15    How does the king?
Doctor
      Madam, sleeps still.
CORDELIA
      O you kind gods,
      Cure this great breach in his abused nature!
      The untuned and jarring senses, O, wind up
20    Of this child-changed father!
Doctor
      So please your majesty
      That we may wake the king: he hath slept long.
CORDELIA
      Be govern'd by your knowledge, and proceed
      I' the sway of your own will. Is he array'd?
Gentleman
25    Ay, madam; in the heaviness of his sleep
      We put fresh garments on him.
Doctor
      Be by, good madam, when we do awake him;
      I doubt not of his temperance.
CORDELIA
      Very well.
Doctor
30    Please you, draw near. Louder the music there!
CORDELIA
      O my dear father! Restoration hang
      Thy medicine on my lips; and let this kiss
      Repair those violent harms that my two sisters
      Have in thy reverence made!
KENT
35    Kind and dear princess!
CORDELIA
      Had you not been their father, these white flakes
      Had challenged pity of them. Was this a face
      To be opposed against the warring winds?
      To stand against the deep dread-bolted thunder?
40    In the most terrible and nimble stroke
      Of quick, cross lightning? to watch--poor perdu!--
      With this thin helm? Mine enemy's dog,
      Though he had bit me, should have stood that night
      Against my fire; and wast thou fain, poor father,
45    To hovel thee with swine, and rogues forlorn,
      In short and musty straw? Alack, alack!
      'Tis wonder that thy life and wits at once
      Had not concluded all. He wakes; speak to him.
Doctor
      Madam, do you; 'tis fittest.
CORDELIA
50    How does my royal lord?
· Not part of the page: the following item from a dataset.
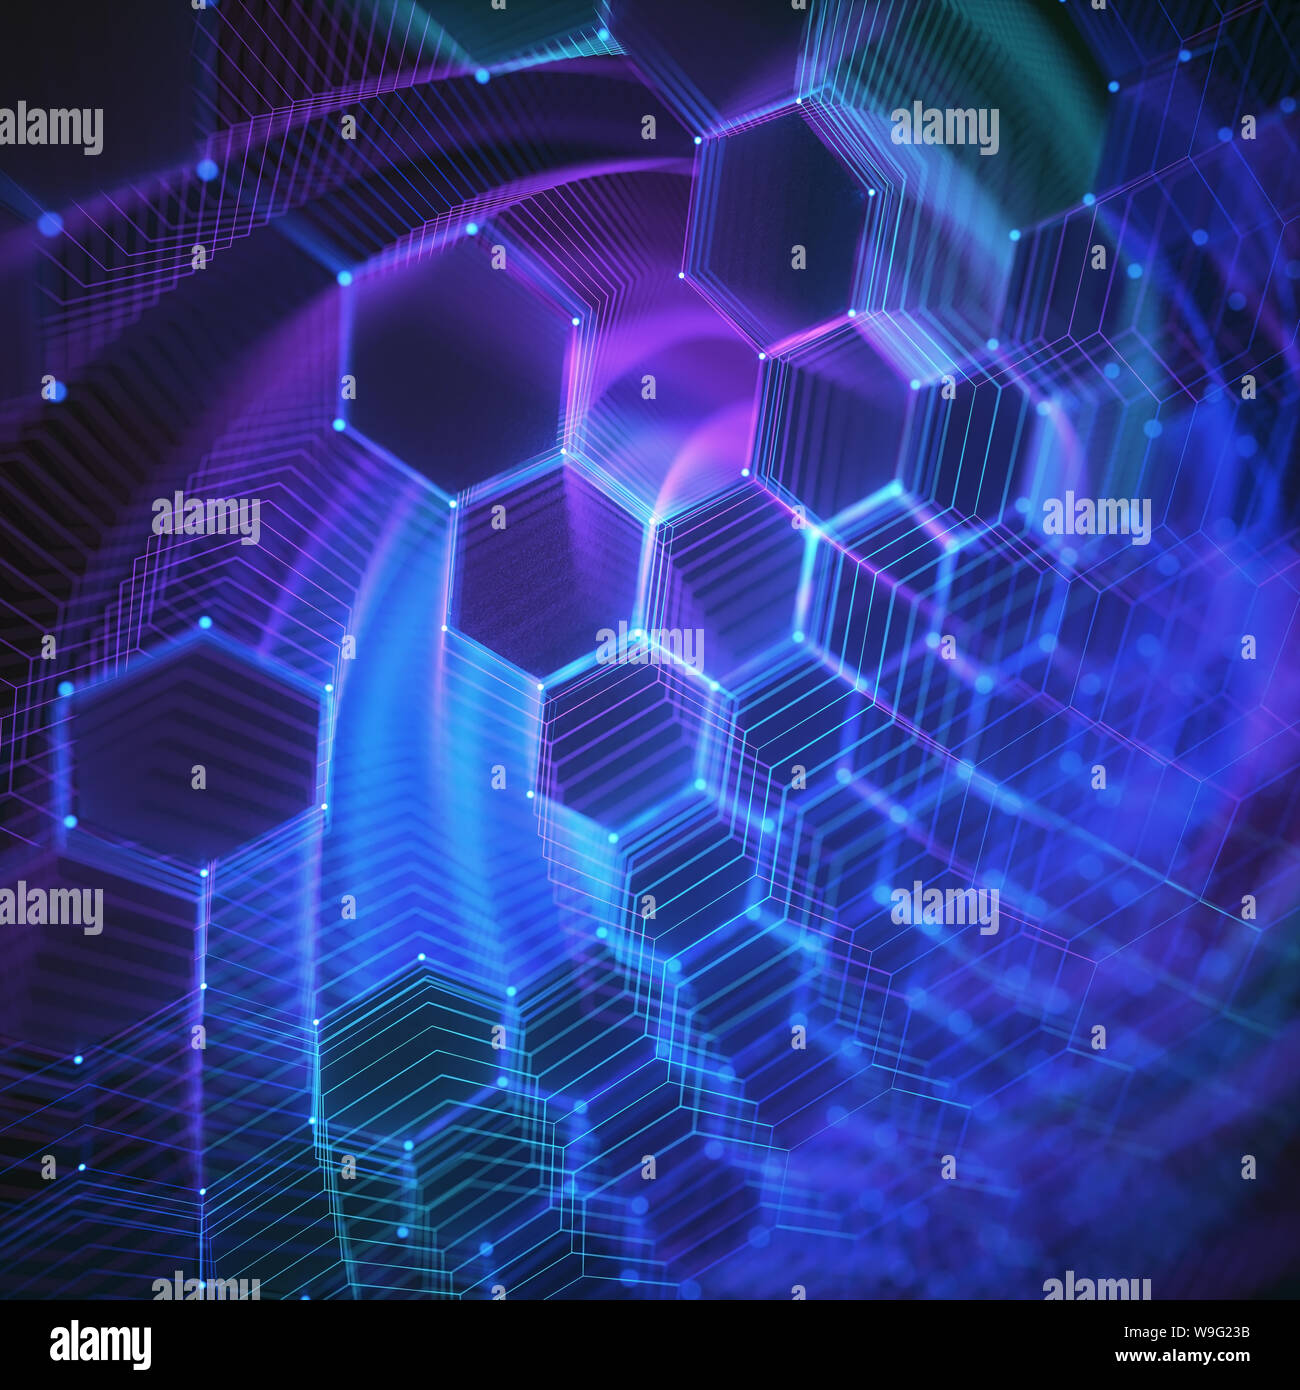 Drei-dimensionalen Gitter aus Linien und Punkten in abstrakter Form in der Technologie Konzept. Bild als Hintergrund zu verwenden. Stockfoto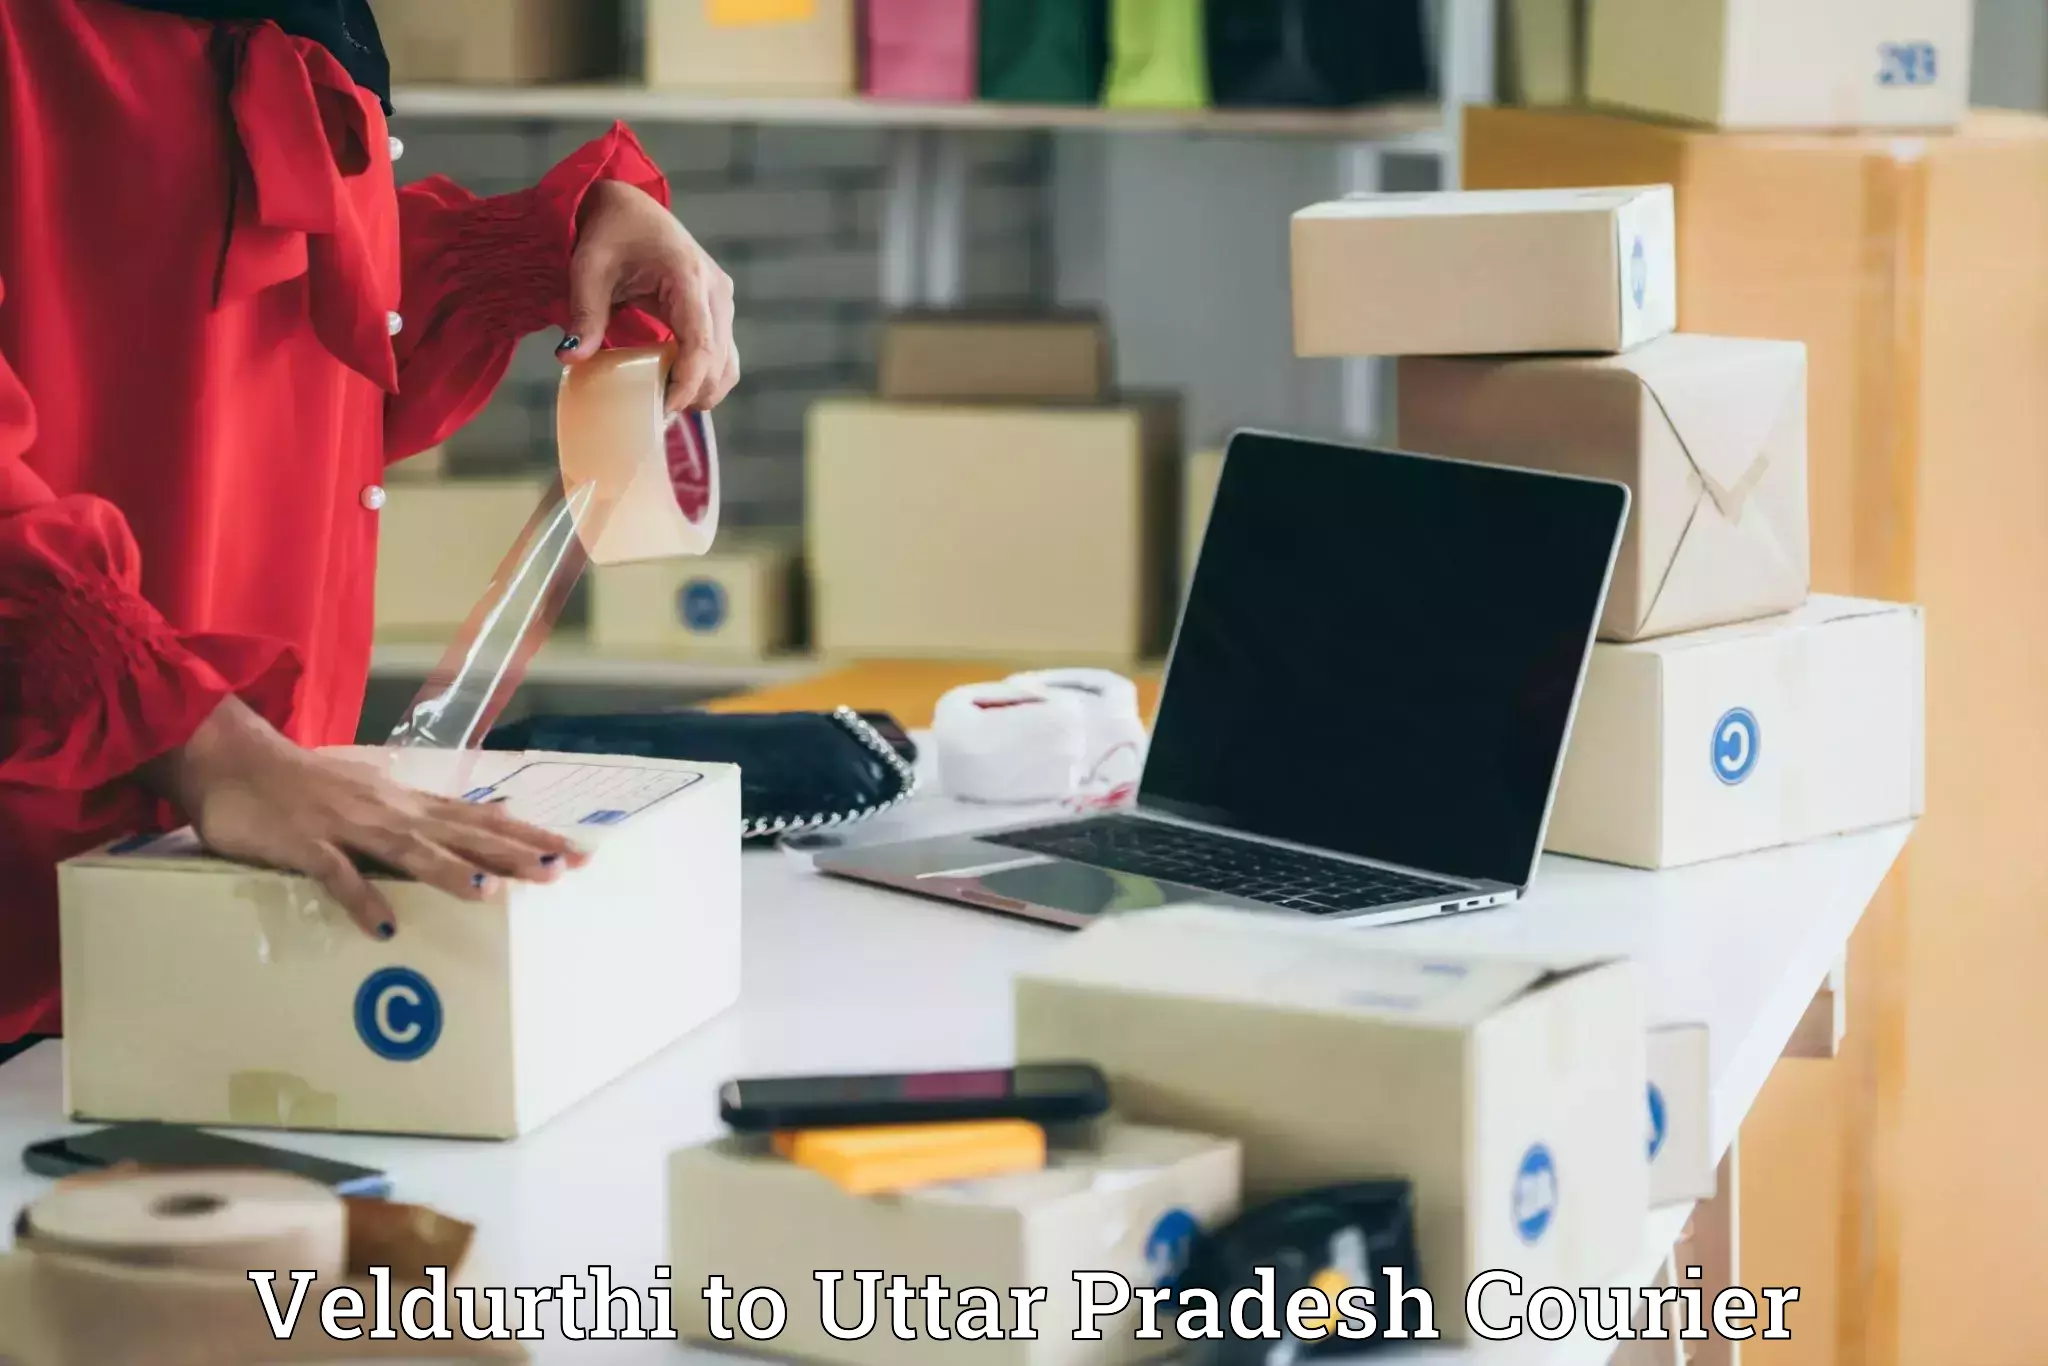 Luggage delivery solutions Veldurthi to Uttar Pradesh

How fares your majesty?
KING LEAR
      You do me wrong to take me out o' the grave:
      Thou art a soul in bliss; but I am bound
      Upon a wheel of fire, that mine own tears
      Do scald like moulten lead.
CORDELIA
55    Sir, do you know me?
KING LEAR
      You are a spirit, I know: when did you die?
CORDELIA
      Still, still, far wide!
Doctor
      He's scarce awake: let him alone awhile.
KING LEAR
      Where have I been? Where am I? Fair daylight?
60    I am mightily abused. I should e'en die with pity,
      To see another thus. I know not what to say.
      I will not swear these are my hands: let's see;
      I feel this pin prick. Would I were assured
      Of my condition!
CORDELIA
65    O, look upon me, sir,
      And hold your hands in benediction o'er me:
      No, sir, you must not kneel.
KING LEAR
      Pray, do not mock me:
      I am a very foolish fond old man,
70    Fourscore and upward, not an hour more nor less;
      And, to deal plainly,
      I fear I am not in my perfect mind.
      Methinks I should know you, and know this man;
      Yet I am doubtful for I am mainly ignorant
75    What place this is; and all the skill I have
      Remembers not these garments; nor I know not
      Where I did lodge last night. Do not laugh at me;
      For, as I am a man, I think this lady
      To be my child Cordelia.
CORDELIA
80    And so I am, I am.
KING LEAR
      Be your tears wet? yes, 'faith. I pray, weep not:
      If you have poison for me, I will drink it.
      I know you do not love me; for your sisters
      Have, as I do remember, done me wrong:
85    You have some cause, they have not.
CORDELIA
      No cause, no cause.
KING LEAR
      Am I in France?
KENT
      In your own kingdom, sir.
KING LEAR
      Do not abuse me.
Doctor
90    Be comforted, good madam: the great rage,
      You see, is kill'd in him: and yet it is danger
      To make him even o'er the time he has lost.
      Desire him to go in; trouble him no more
      Till further settling.
CORDELIA
95    Will't please your highness walk?
KING LEAR
      You must bear with me:
      Pray you now, forget and forgive: I am old and foolish.
Exeunt all but KENT and Gentleman
Gentleman
      Holds it true, sir, that the Duke of Cornwall was so slain?
KENT
      Most certain, sir.
Gentleman
100   Who is conductor of his people?
KENT
      As 'tis said, the bastard son of Gloucester.
Gentleman
      They say Edgar, his banished son, is with the Earl
      of Kent in Germany.
KENT
      Report is changeable. 'Tis time to look about; the
105   powers of the kingdom approach apace.
Gentleman
      The arbitrement is like to be bloody. Fare you
      well, sir.
Exit
KENT
      My point and period will be throughly wrought,
      Or well or ill, as this day's battle's fought.